Salam's report will be broadcast on Newsnight in late June.

Comments

  • Comment number 1.

    DOES HE READ THIS?

    Salam Pax implies (I think) that not only is there Shia-Sunni tension but also tribe-tribe tension within both groups. (1) Would it be right to think that Sadam's despotic power kept the lid on all this while he lasted?
    (2) Is it, further, reasonable to assume that centralised government, not being able to behave like Sadam and survive, has to fail in holding it all together? (3)Is a 'democratically elected' group of MPs bound to be riven by tribal and other loyalties before ever showing loyalty to party or state?

  • Comment number 2.

    Salam Pax - do you think that it is conceivable that Maliki could ask the US to leave?

    I gather from the 成人论坛 that negotiations relating to the extension of the US role had hit severe problems due to sovereignty issues. Probably relates to Iraq being screwed over in the oil and rebuilding contracts plus US requirements of immunity and permanent US bases etc.

    Would people on the street welcome seeing the back of us or do they think we still have a role?

    By the way good luck with the studies and I hope you can return home when you want.

  • Comment number 3.

    LONG TERM STRATEGY

    Months back there were reports of gigantic US bases (towns) being built; at least two I think. Are they finished? If still relevant, what do they tell us and why no mention lately?

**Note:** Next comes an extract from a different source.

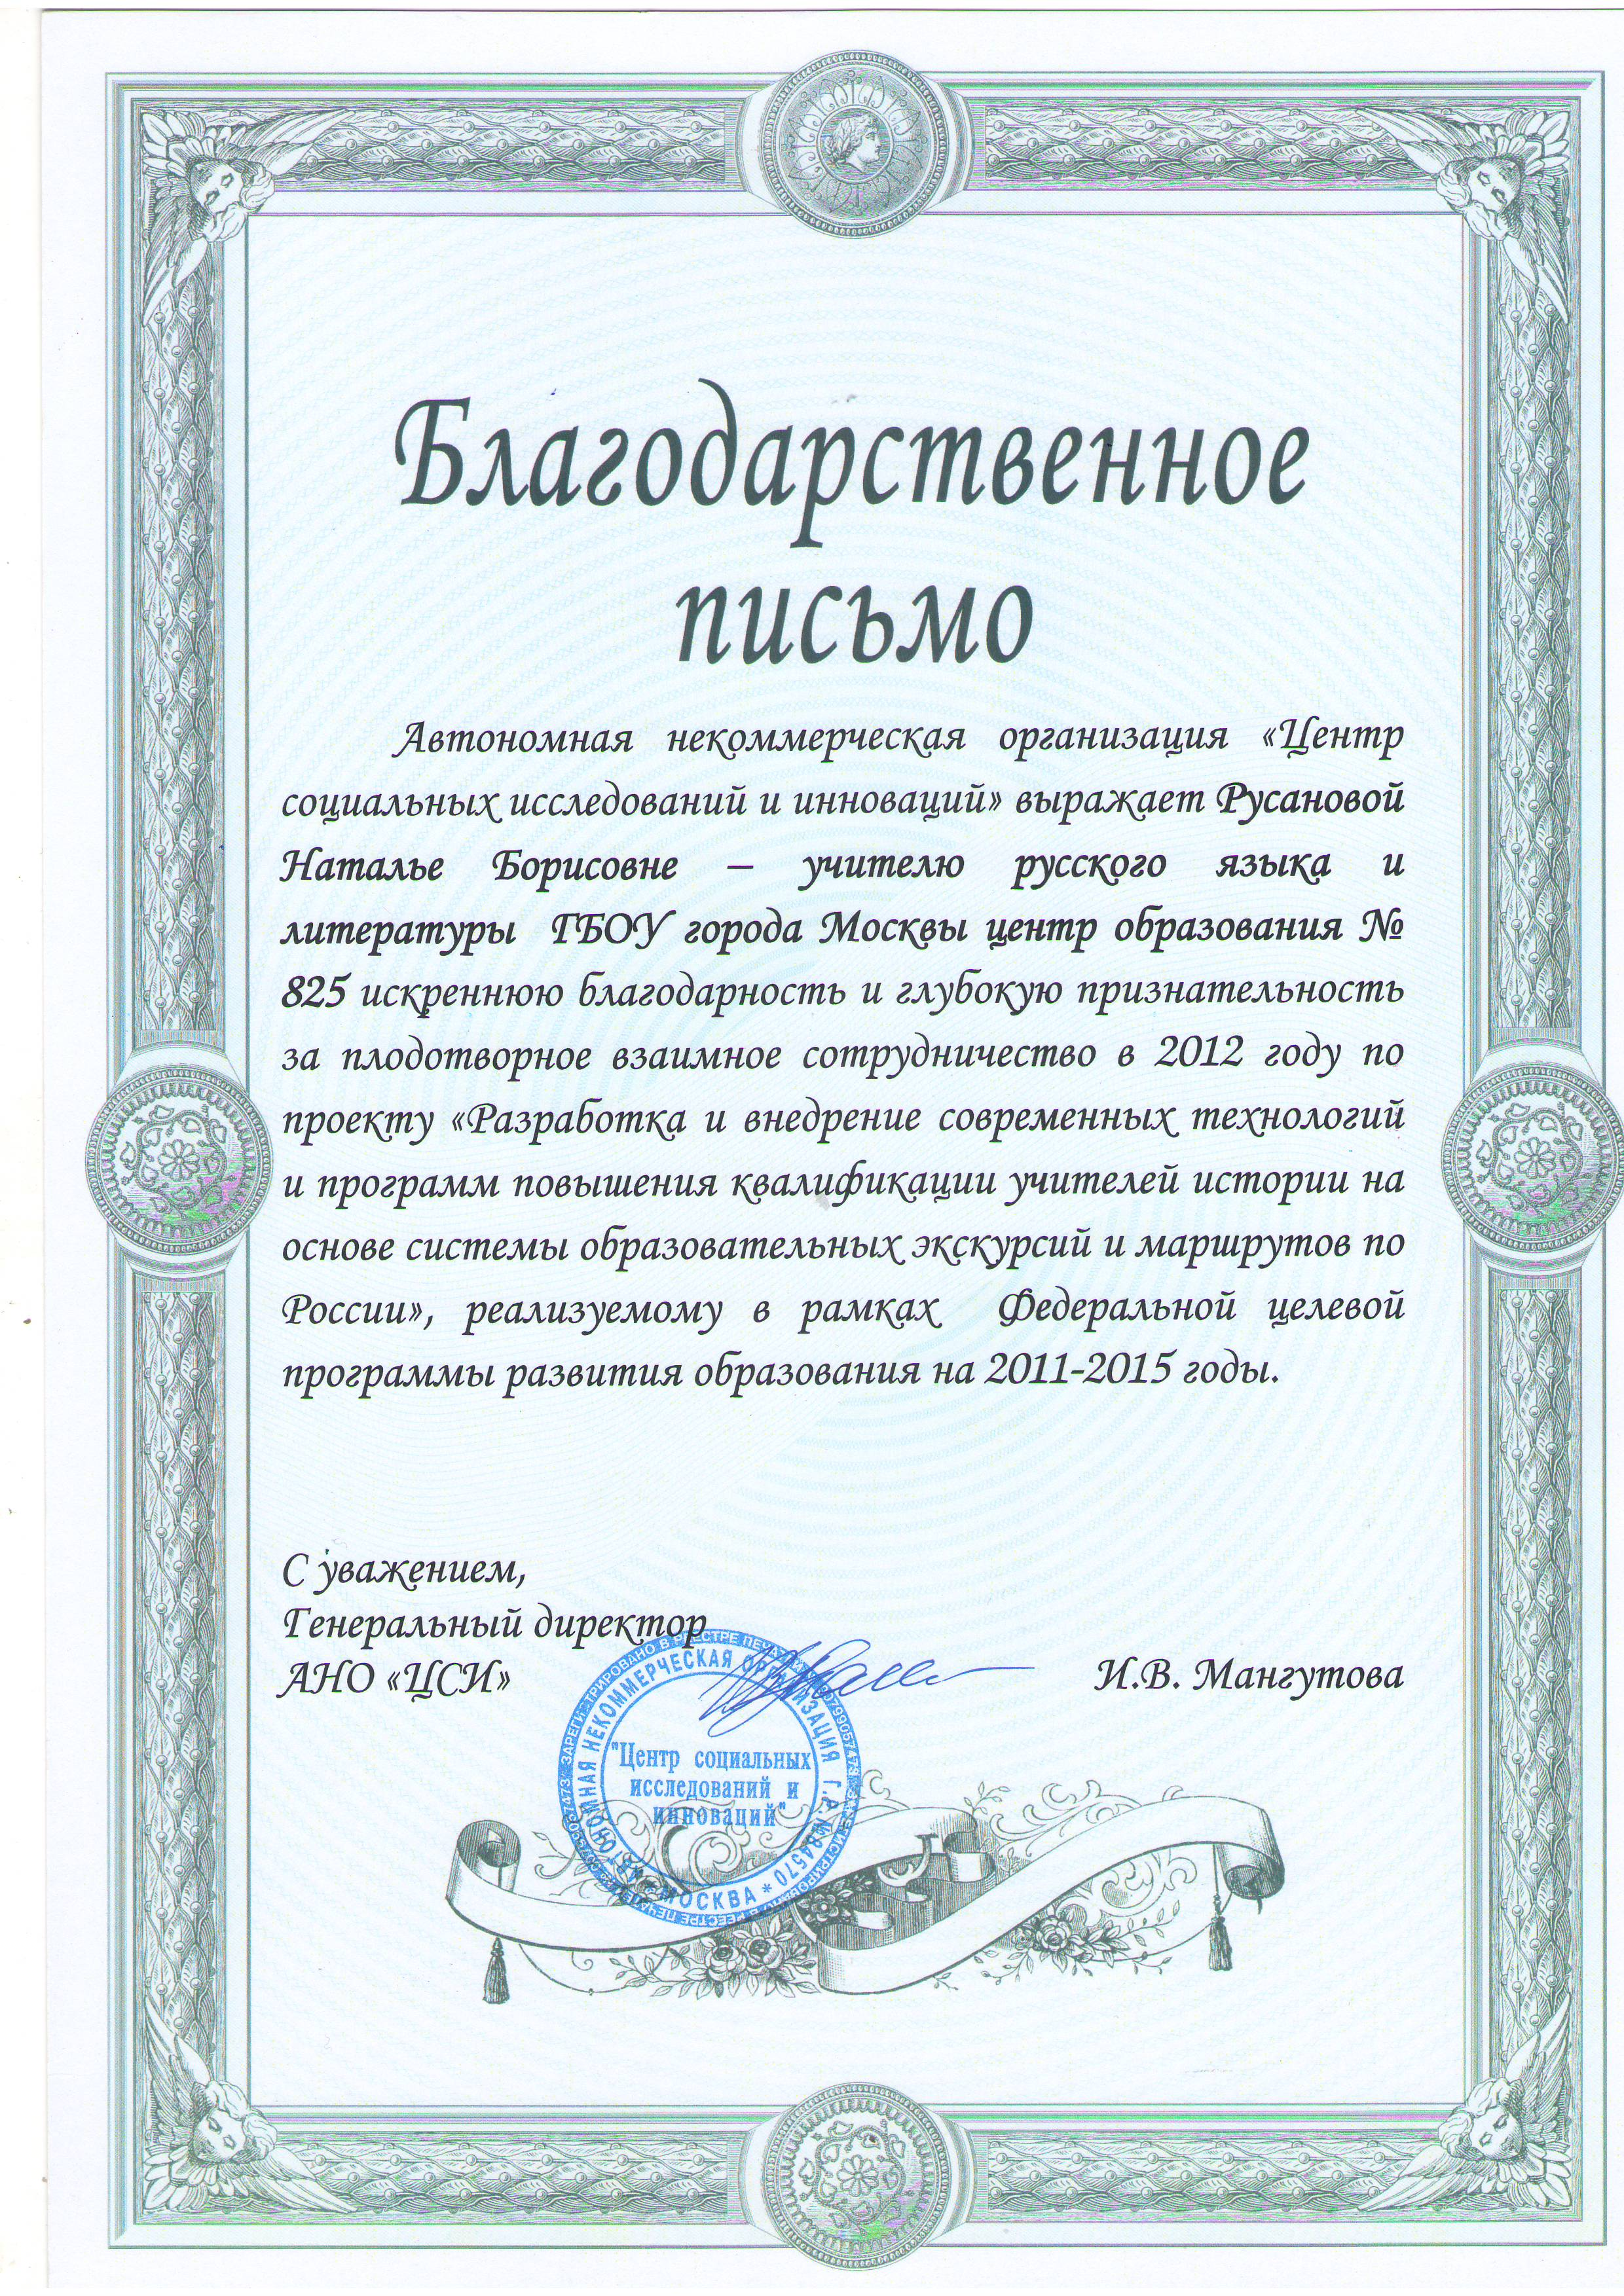 blagodarnost-2012

In that respect I presume Iraq is the new Saudi for Uncle Sam?

  • Comment number 4.

    Good to see you're back Salam - look forward to your new film in July.

  • Comment number 5.

    Good to see you are coming back to the 成人论坛 in July---Salam....

    :)

  • Comment number 6.

    Dear Salam,

    Well, I suspected all along where you were, thanks to your planting the "Notes." I am very happy you and your family are out of Iraq. My hair got more gray each month that I didn't know for sure. I will never forget about you, but I'm a bit peeved that you didn't answer my e-mail last year. Perhaps, now?

    Is the movie going forward? If you need a good shooting location, I have a suggestion for one in South Africa, because I've known the guy over 20 years and he's super. There might also be some production funds!! Welcome back!